RÉCIT En manque de moyens, l’aumônerie musulmane ploie sous les fortes attentes de l’Etat pour lutter contre la radicalisation des prisonniers. Le sujet sera, entre autres, au menu du raout organisé ce lundi au ministère de l’Intérieur.

Jamais Mohamed Loueslati n’avait imaginé qu’il mettrait un jour les pieds en prison. Les choses se sont faites comme cela, un peu malgré lui, parce qu’on est venu le chercher. « Au début des années 2000, l’administration pénitentiaire avait beaucoup de soucis avec les détenus d’origine musulmane, raconte-t-il. Il y avait des suicides, des refus de réintégrer les cellules, de la viande halal jetée par-dessus les murs pour les prisonniers. On ne parlait pas à l’époque de radicalisation mais d’islamisation. » A Rennes, pour trouver un aumônier, le directeur du centre pénitentiaire avait alors pris contact avec l’association musulmane qui gère l’une des mosquées de la ville, située boulevard du Portugal. Parmi ses fondateurs, il y avait Mohamed Loueslati, qui avait accepté « pour rendre service à la communauté ». Quinze ans plus tard, retraité après avoir travaillé chez un assureur, il se retrouve même aumônier régional des prisons pour le Grand Ouest. Avec sous sa responsabilité 20 établissements sur 12 départements, 6 000 détenus qu’il décrit comme « majoritairement musulmans » et une vingtaine d’aumôniers. Face à la montée de la radicalisation, l’enjeu est important. Mais en prison, l’aumônerie musulmane doit se débrouiller avec peu de moyens.

Mohamed Loueslati appartient à la génération des pionniers, celle qui a tout vu, celle qui a inventé l’aumônerie musulmane des prisons avec trois bouts de ficelle. Officiellement, celle-ci n’existe que depuis 2006, créée sous l’égide du Conseil français du culte musulman (CFCM). « Je n’ai toujours pas de bureau, pas de frais de fonctionnement, raconte-t-il. Pour mes déplacements, je ne touche rien de l’administration pénitentiaire. En fait, c’est la préfecture d’Ille-et-Vilaine qui me les rembourse. » De ces pionniers, la sociologue Céline Béraud, qui a piloté pendant deux ans une enquête sur la religion en prison, dit : « Ils sont tout à fait remarquables dans leur engagement et complètement investis dans leur mission. » Surtout qu’il leur a fallu partir de zéro, improviser sur le terrain.
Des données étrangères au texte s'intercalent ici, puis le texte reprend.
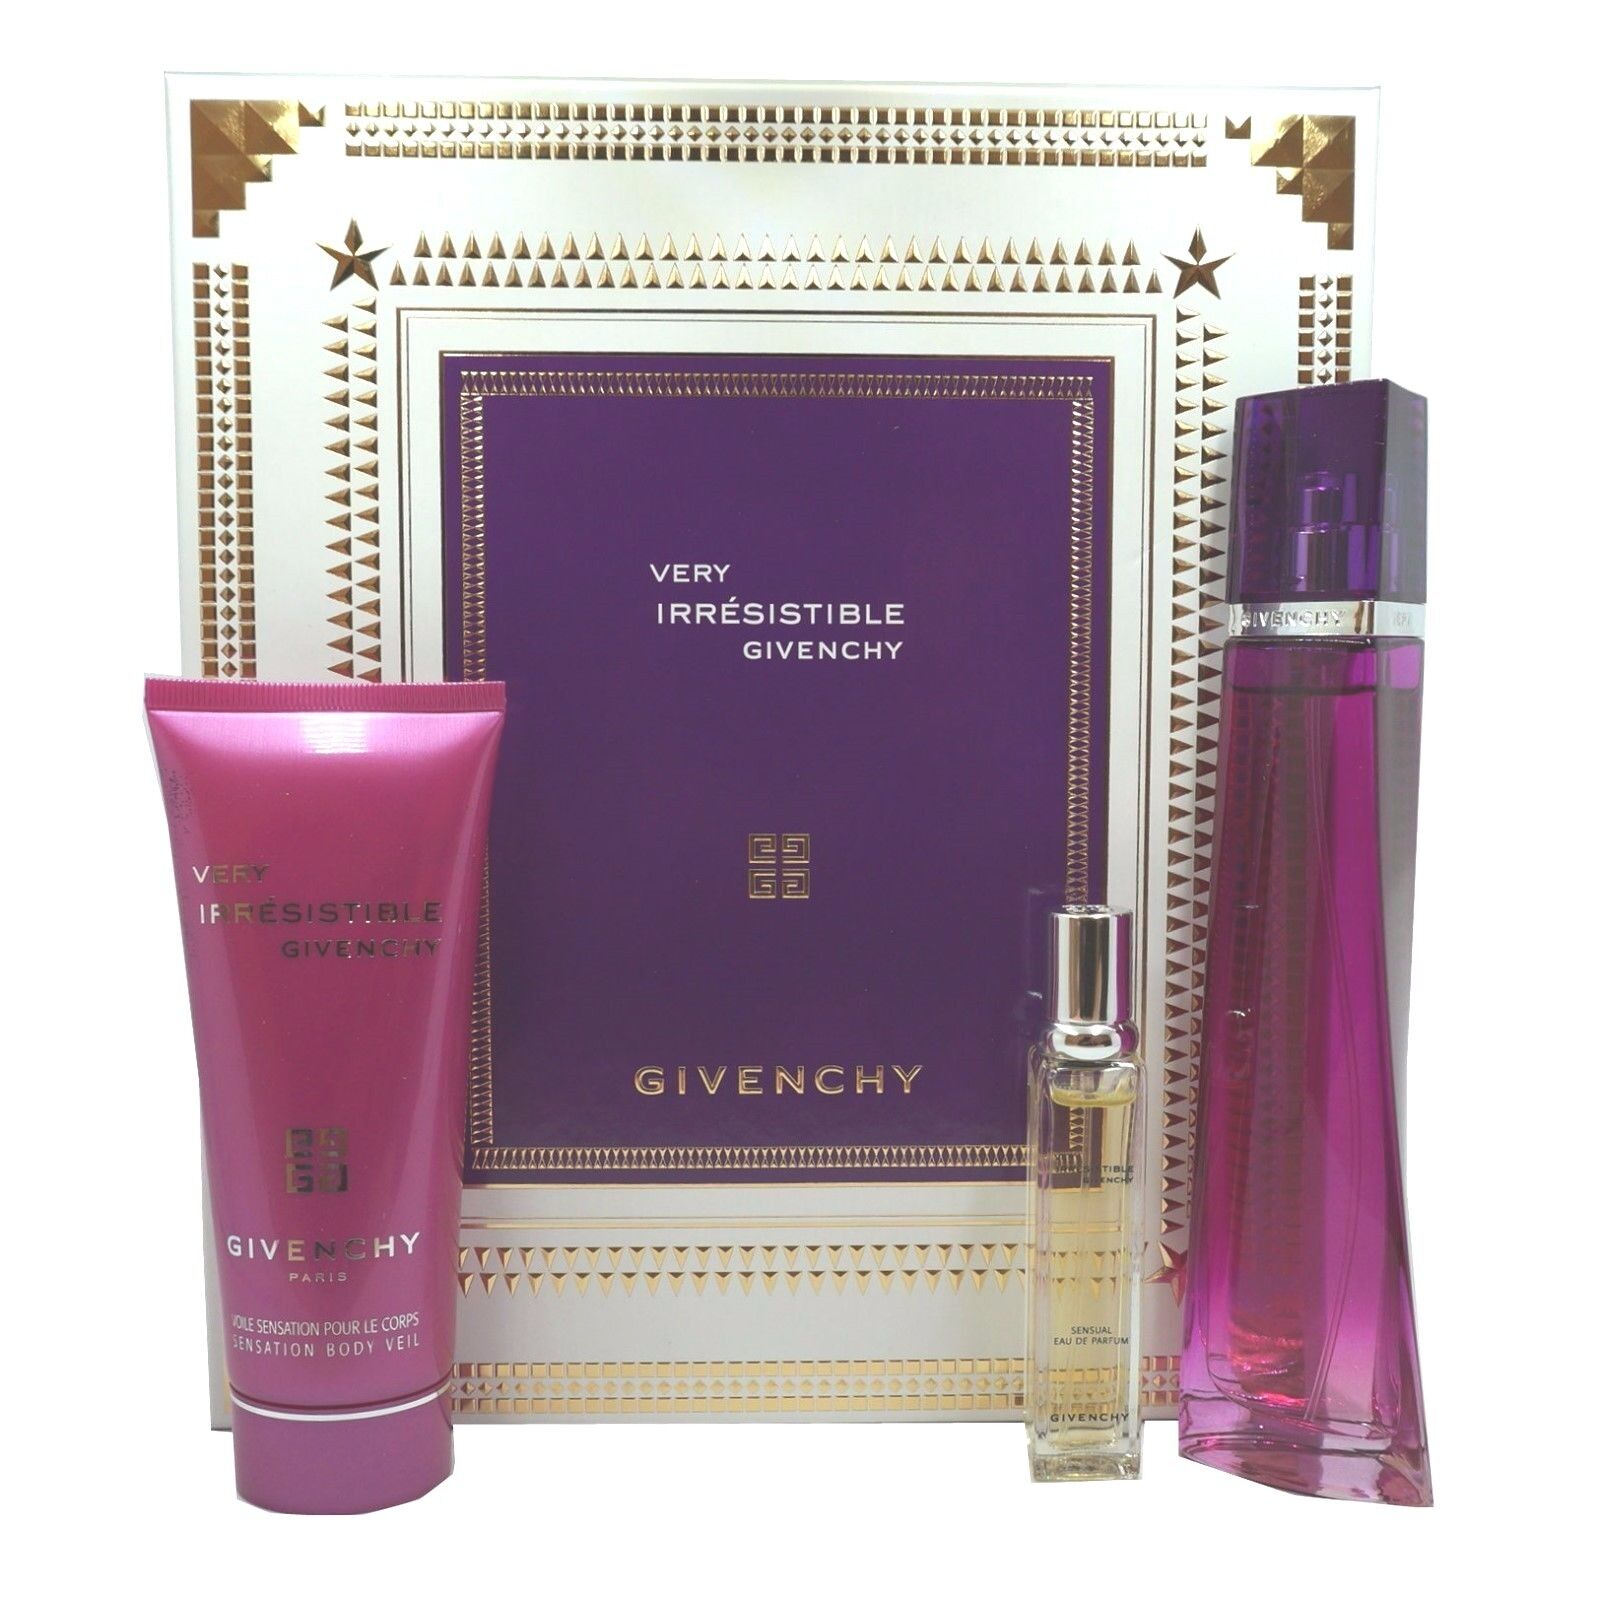 Givenchy Very Irresistible for Women Gift Set - Set of 3 for sale online |  eBay

A Rennes, Mohamed Loueslati a d’abord dû batailler avec la direction de la prison pour imposer le vendredi comme jour du culte pour les musulmans. « La direction voulait que nous fassions la grande prière le dimanche, comme pour la messe », dit-il. Ces pionniers ont dû convaincre aussi leur propre communauté. « Dans la théologie musulmane, le concept d’aumônerie n’existe pas », explique le pasteur Brice Deymié, aumônier national protestant des prisons, qui côtoie régulièrement ses homologues de l’islam, prenant la mesure de leurs difficultés. Il y a une vingtaine d’années, les chrétiens ont d’ailleurs donné un coup de main pour former les premiers aumôniers musulmans. Cette culture de l’aumônerie ne va pas encore de soi, reconnaît Mohamed Loueslati : « J’explique aux imams qui ne veulent pas m’aider qu’en islam, le captif a toujours eu des droits. »

Pas le temps

Par leurs revendications, ce sont surtout les détenus qui, en fait, ont imposé l’aumônerie. « Avant les attentats du 11 Septembre, l’ambiance était très différente, rappelle Brice Deymié. On voyait pas mal de musulmans dans les aumôneries catholiques et protestantes. La revendication identitaire, à cette époque, passait par un "Je suis maghrébin", non pas par une revendication religieuse. Un refus de fréquenter les chrétiens s’est peu à peu installé. » Avant 2006, des initiatives locales répondent au coup par coup aux demandes. « La montée de la radicalisation a accéléré le processus », souligne la sociologue Céline Béraud. De 2006 à 2015, le nombre d’aumôniers musulmans est passé de 69 à 176. « Nous sommes en période de rattrapage. Un effort majeur est réalisé », déclare Julien Morel d’Arleux, le sous-directeur de l’administration pénitentiaire. Il sort ses chiffres. En 2013-2014, 30 postes ont été créés. En 2015, l’administration pénitentiaire a encore mis la main à la poche pour en ouvrir 60 en deux ans. « En 2016, le budget alloué au culte musulman représentera la moitié du budget destiné à l’ensemble des aumôneries », précise Julien Morel d’Arleux. Chaque année, l’administration pénitentiaire y consacre environ 2,4 millions d’euros. Au total, 1 470 intervenants sont agréés (dont un tiers de catholiques) pour les sept cultes reconnus par le ministère de la Justice. Pour l’islam, l’effort est certes louable. Mais cela ne sortira pas l’aumônerie musulmane des prisons de sa grande misère. « La demande des détenus demeure importante », reconnaît le sous-directeur de l’administration pénitentiaire. A proximité des grands centres urbains, la majorité de la population carcérale est de confession musulmane et, chaque année, 18 000 détenus suivent le ramadan. « Il y a vingt ans, quand j’ai commencé, c’était très rare », raconte le pasteur Brice Deymié.

Armées et hôpitaux

Quelque 80 établissements n’ont aucun aumônier. Et il faudrait renforcer les équipes quasiment partout. A Rennes, Mohamed Loueslati voudrait au moins deux ou trois personnes supplémentaires. Parce que les aumôniers en poste n’ont pas le temps de répondre à toutes les demandes, de visiter les détenus dans leur cellule, de répondre au courrier, comme peuvent le faire beaucoup plus systématiquement les aumôneries chrétiennes et leurs bataillons de bénévoles, jeunes retraités pour la plupart. « Cela crée un sentiment de discrimination de la part des détenus de confession musulmane », pointe Julien Morel d’Arleux.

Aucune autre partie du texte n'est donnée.